La nécessité d’évaluer la sécurité des médicaments est apparue suite aux accidents thérapeutiques du début du XXème siècle voire aux tragédies comme ce fut le cas pour le thalidomide. Les études imposées par les Etats pour l’évaluation de la sécurité d’un médicament évoluent en fonction des nouvelles connaissances et sont harmonisées par un organisme international appelé ICH (International Conference on Harmonisation). Cette harmonisation internationale garantit la valeur scientifique et médicale des études et évite leur répétition. La même démarche existe pour les médicaments vétérinaires et l'organisme international concerné est le VICH.

Les études d’évaluation de la sécurité appelées aussi études de toxicologie sont encore essentiellement réalisées sur des animaux car ce sont les seuls modèles capables de reproduire les effets d’un produit sur un organisme entier. Les espèces animales retenues sont choisies pour leur capacité à prédire le mieux possible les effets secondaires. Il s’agit essentiellement de rongeurs, mais aussi de lapins, de chiens ou de primates. Les recommandations internationales précisent en fonction de l’usage prévu pour le médicament les études nécessaires, les espèces animales, les nombres d’animaux, les doses de médicament, les voies et les durées d’administration. Le nombre d'animaux utilisés pour la sécurité des médicaments représente environ 5% des animaux utilisés pour l'ensemble de la recherche en France.

Les tests utilisés en toxicologie sont les plus sûrs possibles compte-tenu des connaissances scientifiques. Ils protègent les patients dans les  essais cliniques et sont utilisés pour la rédaction des notices d’utilisation des médicaments (contre-indications, mises en garde, précautions d’emploi, interactions médicamenteuses). Bien qu’efficaces ces évaluations de sécurité ne sont pas parfaites. On souhaiterait disposer de tests plus rapides (certains tests actuels durent plusieurs années), moins couteux et n’utilisant pas d’animaux. Il faudrait aussi que les études de toxicologie puissent prévoir les effets secondaires rares qui sont parfois détectés chez des patients après la mise sur le marché. Pour toutes ces raisons l’ICH se réunit plusieurs fois par an pour mettre à jour les recommandations en tenant compte de l’évolution des connaissances scientifiques et médicales.

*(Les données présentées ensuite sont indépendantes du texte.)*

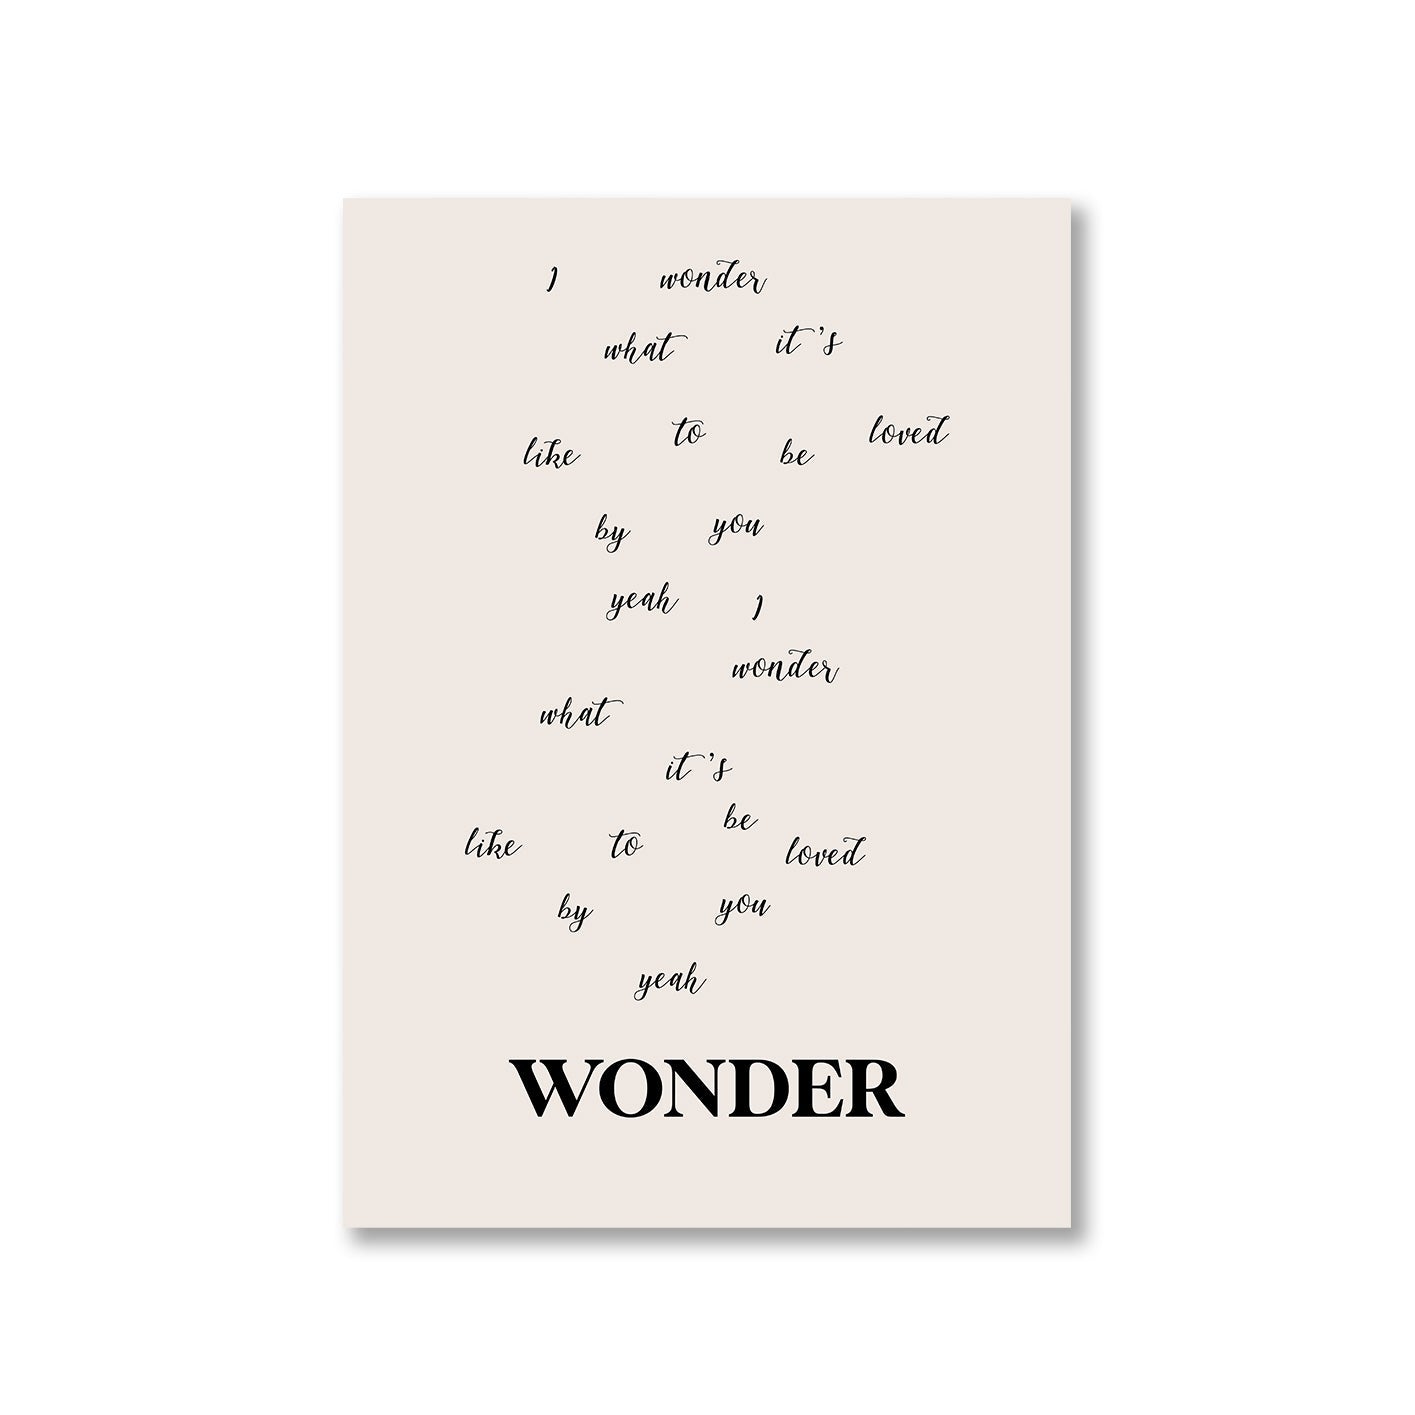 shawn mendes wonder poster wall art buy online united states of america usa the banyan tee tbt a4

Il faut aussi savoir que les contrôles de qualité des médicaments d’origine biologique (vaccins, sérums, produits dérivés du sang ou extraits de tissus biologiques) sont encore essentiellement réalisés in vivo. En effet, d’une part la complexité de ces produits ne permet souvent pas le recours aux méthodes d’analyse physico-chimiques pour les contrôles de qualité, et d’autre part leur origine biologique impose des contrôles particuliers supplémentaires pour écarter le risque de contamination par des agents infectieux. Tout ceci impose des tests sur animaux. Ces tests, qui doivent être répétés à chaque lot de fabrication, emploient en France plus de 20% des animaux utilisés en recherche animale. Cela dit les chercheurs découvrent régulièrement des méthodes de substitution. Par exemple le laboratoire Novo Nordisk spécialisé dans les médicaments biologiques a réussi après 30 ans de recherche et d’efforts à supprimer les tests in vivo pour le contrôle de ses produits.